Stelligheid kan een hoogst irritante eigenschap zijn, maar als je zes bent is stelligheid nog heerlijk ontroerend. Tijdens een onderzoek naar wat wel en niet ontelbaar is, weten de kinderen uit groep 3 precies hoe alles zit.
Haren bijvoorbeeld, die kun je niet tellen. Dan ben je veel te lang bezig. Dat zijn er gewoon teveel. Ook de haren van een heel klein muisje niet.
‘Je kunt de haartjes niet vastpakken om ze een voor een te tellen. En als ie gaat bewegen dan staan de haartjes door elkaar en als je dan denkt dat je eindelijk een haartje hebt, dan heb je er misschien wel twee of drie. Eigenlijk zijn haartjes ook een beetje onzichtbaar,’ weet Nikki.
Q Deze schelpjes in deze vaas dan, kun je die tellen?
‘Ja, gewoon, 1, 2, 3…’ Merijn doet het alsof voor met zijn handen.
Q Nou heb ik deze schelpen gevonden op een strand in een ver land. En dat strand was kilometers lang en heel breed en er lag een dikke laag van die schelpen op. Kun je ze dan ook nog tellen?
‘Dat is wel mogelijk maar dan moet je wel een hele grote vaas hebben en ze een voor een tellen,’ denkt Julianne.
Q Zouden er de hele tijd evenveel schelpjes op het strand liggen? Stel, ik heb dit stuk van het strand klaar en ik ben nou hier en er komt een golf aan…
‘Dan is het weg…,’ weet Jonathan. ‘Dan moet je weer opnieuw beginnen.’
Q En het zand in deze pot?
‘Dat gaat niet,’ beslist Ben, ‘die zandkorreltjes zitten aan elkaar geplakt.’
‘Zand waar het niet op geregend heeft, kun je soms nog wel tellen,’ voegt Julianne er bedachtzaam aan toe, ‘maar dit niet. Zo zie je de korreltjes niet. Dit is ontelbaar, hoor.’
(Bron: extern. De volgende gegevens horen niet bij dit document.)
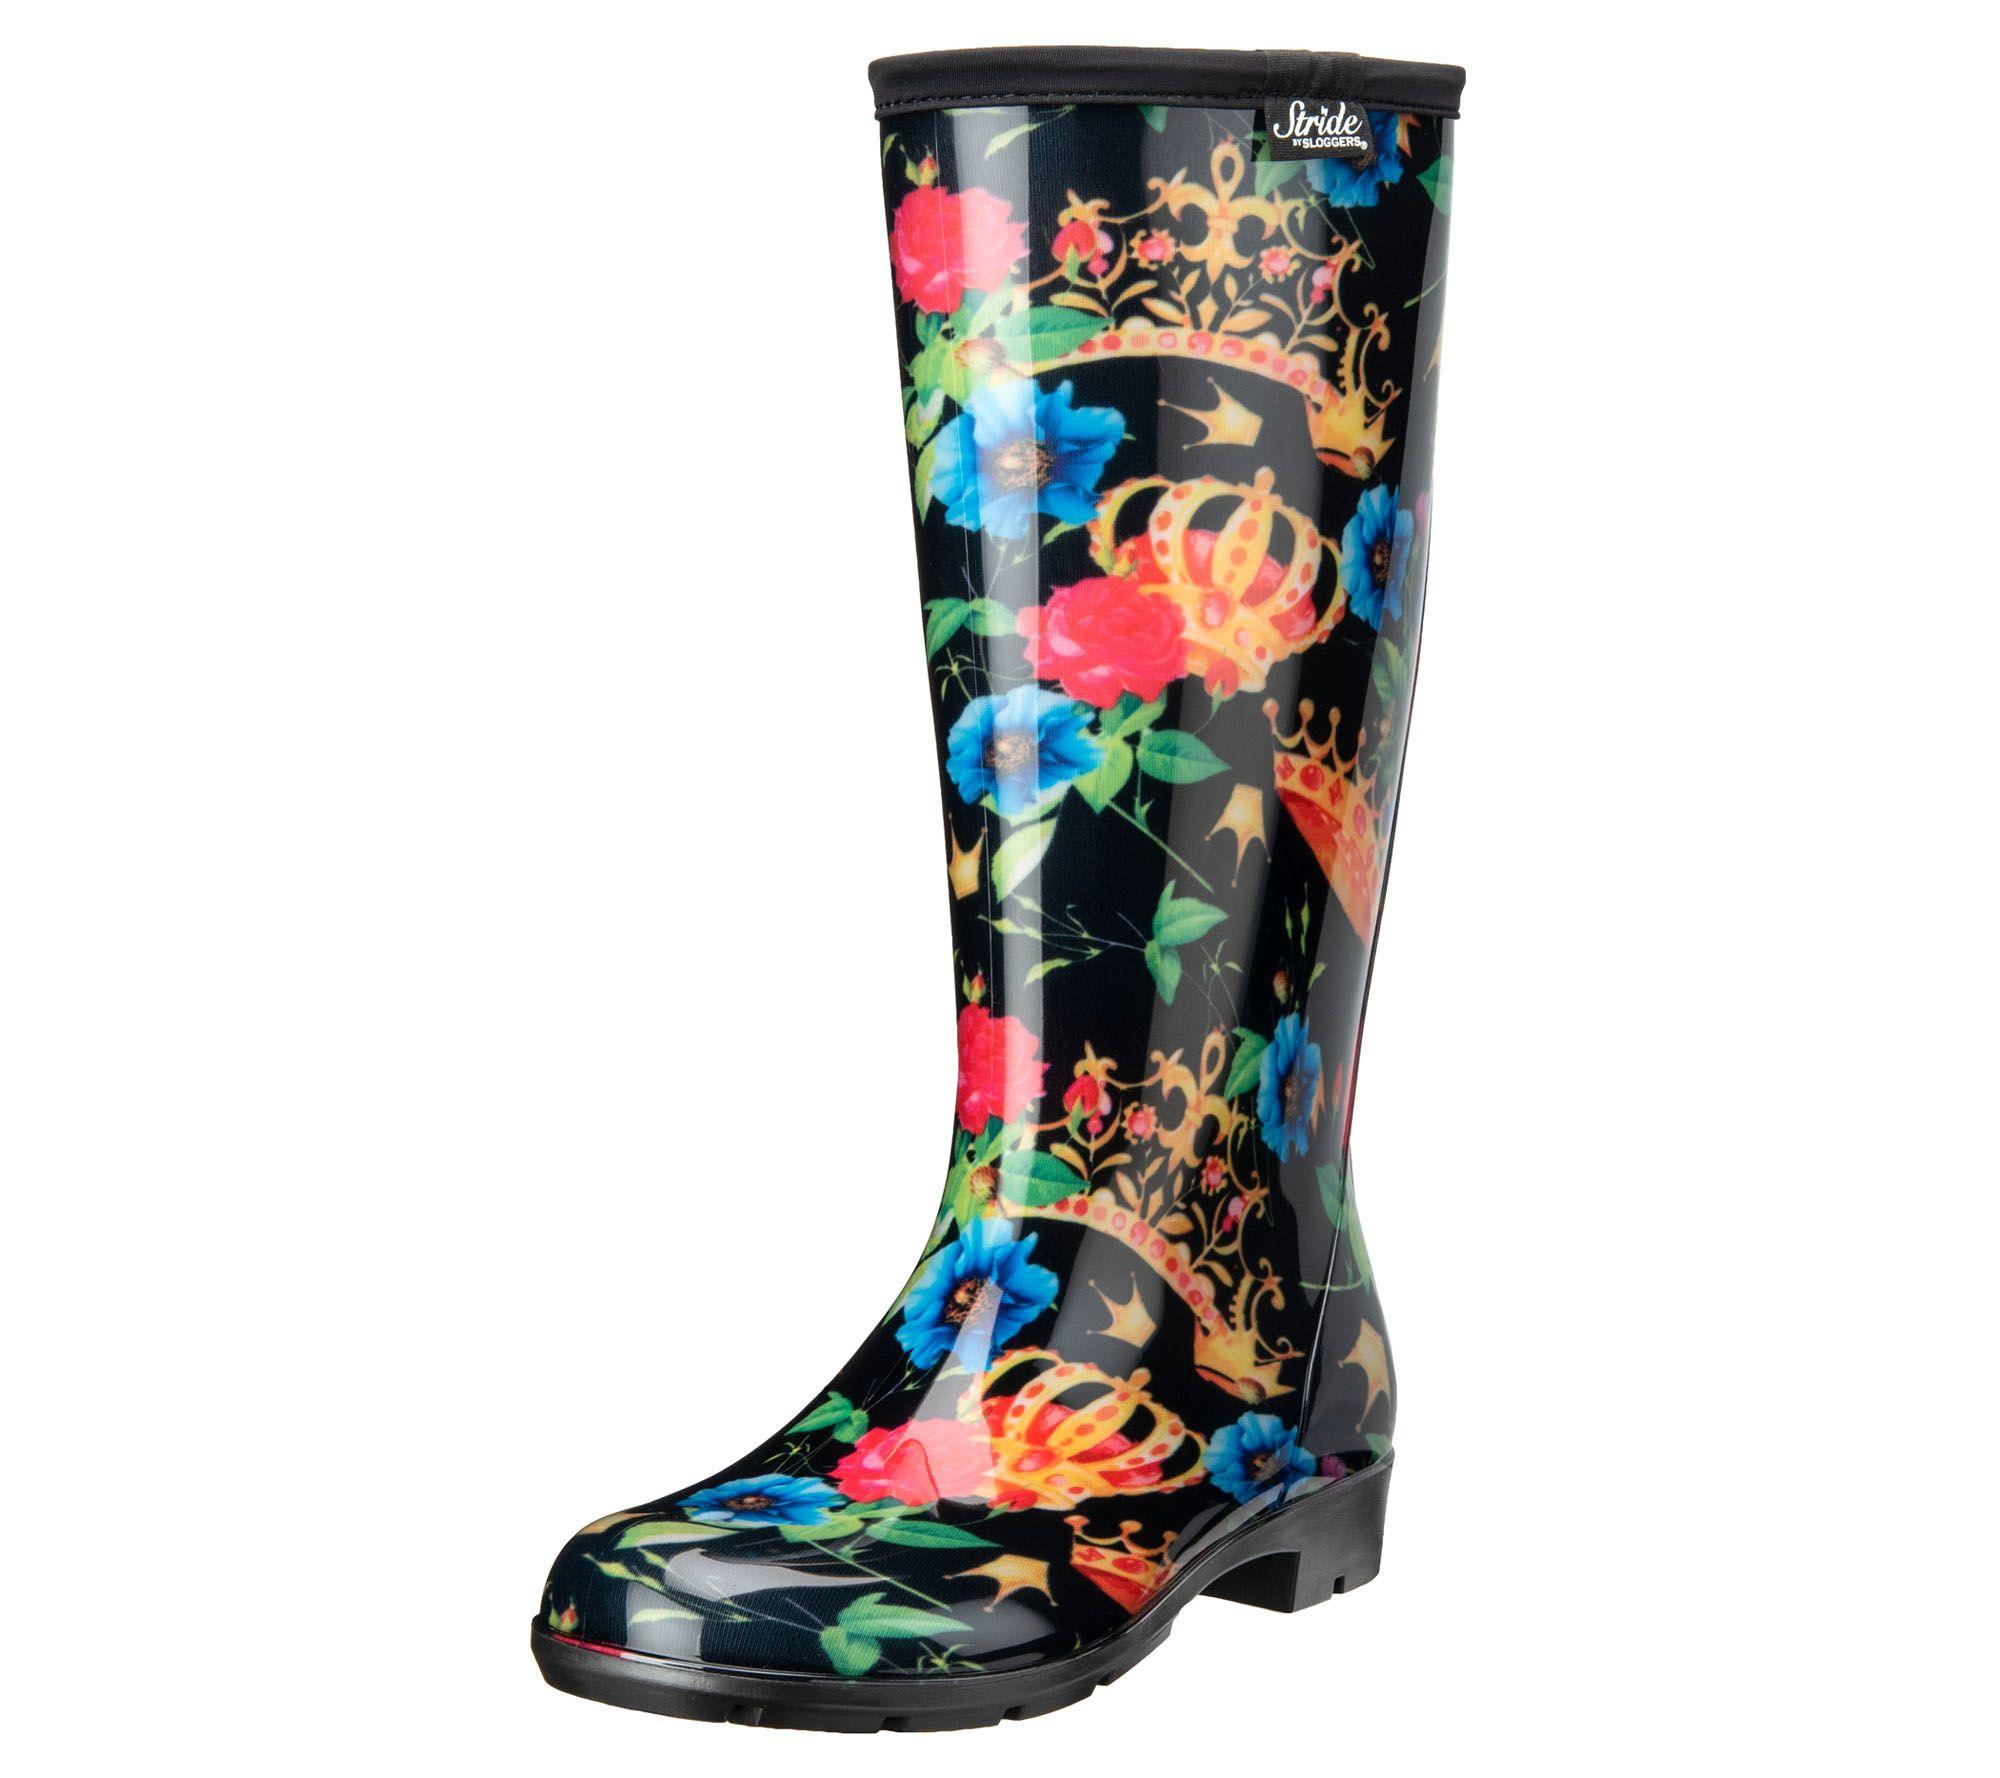 5218fa12080 Stride by Sloggers Waterproof Tall Fashion Rainboots - Page 1 — QVC.com

‘Nou op de grond liggen wel zandkorreltjes,’ bedenkt Merijn, ‘maar die kun je niet zien. Als je begint met vegen dan denk je o hier ligt niks eigenlijk hoef ik niet te vegen maar als je klaar bent denk je: huh zoveel zand?
Q Deze lucifers? Ik hou een doosje in de lucht.
‘Die kun je wel tellen,’ beslist Ben.
‘Alle lucifers van de wereld die kun je niet tellen, hoor,’ roept Stefanie. ‘Dan ben je zestig miljoen ontelbaar jaar bezig.’
Q Hoeveel vuur kan ik met deze lucifers maken?
‘Hoeveel zijn het er dan?’ wil Leon weten.
Uh nou, 25 zitten er in het doosje.
‘25 vuurtjes,’ weet Leon dan.
Q Hoeveel vuur zit er dan in 1 vuurtje?
Leon kijkt zelfverzekerd. ‘In een vuurtje zit tien vuur.’
Q Tien vuur? Wat is dat dan?
‘De vlammen.’
Ben begint ineens te roepen: ‘Ik weet het! Ontelbaar! Want in een zo’n vlammetje daar zitten hele kleine deeltjes in. Dus… ontelbaar!’ Hij kijkt er heel triomfantelijk bij.
Q En als ik nou deze kaars aansteek, hoeveel licht zit er dan in die kaars?
Ontelbaar want in zo’n vlammetje zitten hele kleine deeltjes. Alles is gewoon ontelbaar. Overal zitten kleine deeltjes in. Tellen heeft geen zin, het kan gewoon niet.’ Ben vouwt zijn armen over elkaar en leunt achterover in zijn stoel. Tevreden kijkt hij de kring rond. Heerlijk als je weet hoe de wereld in elkaar zit.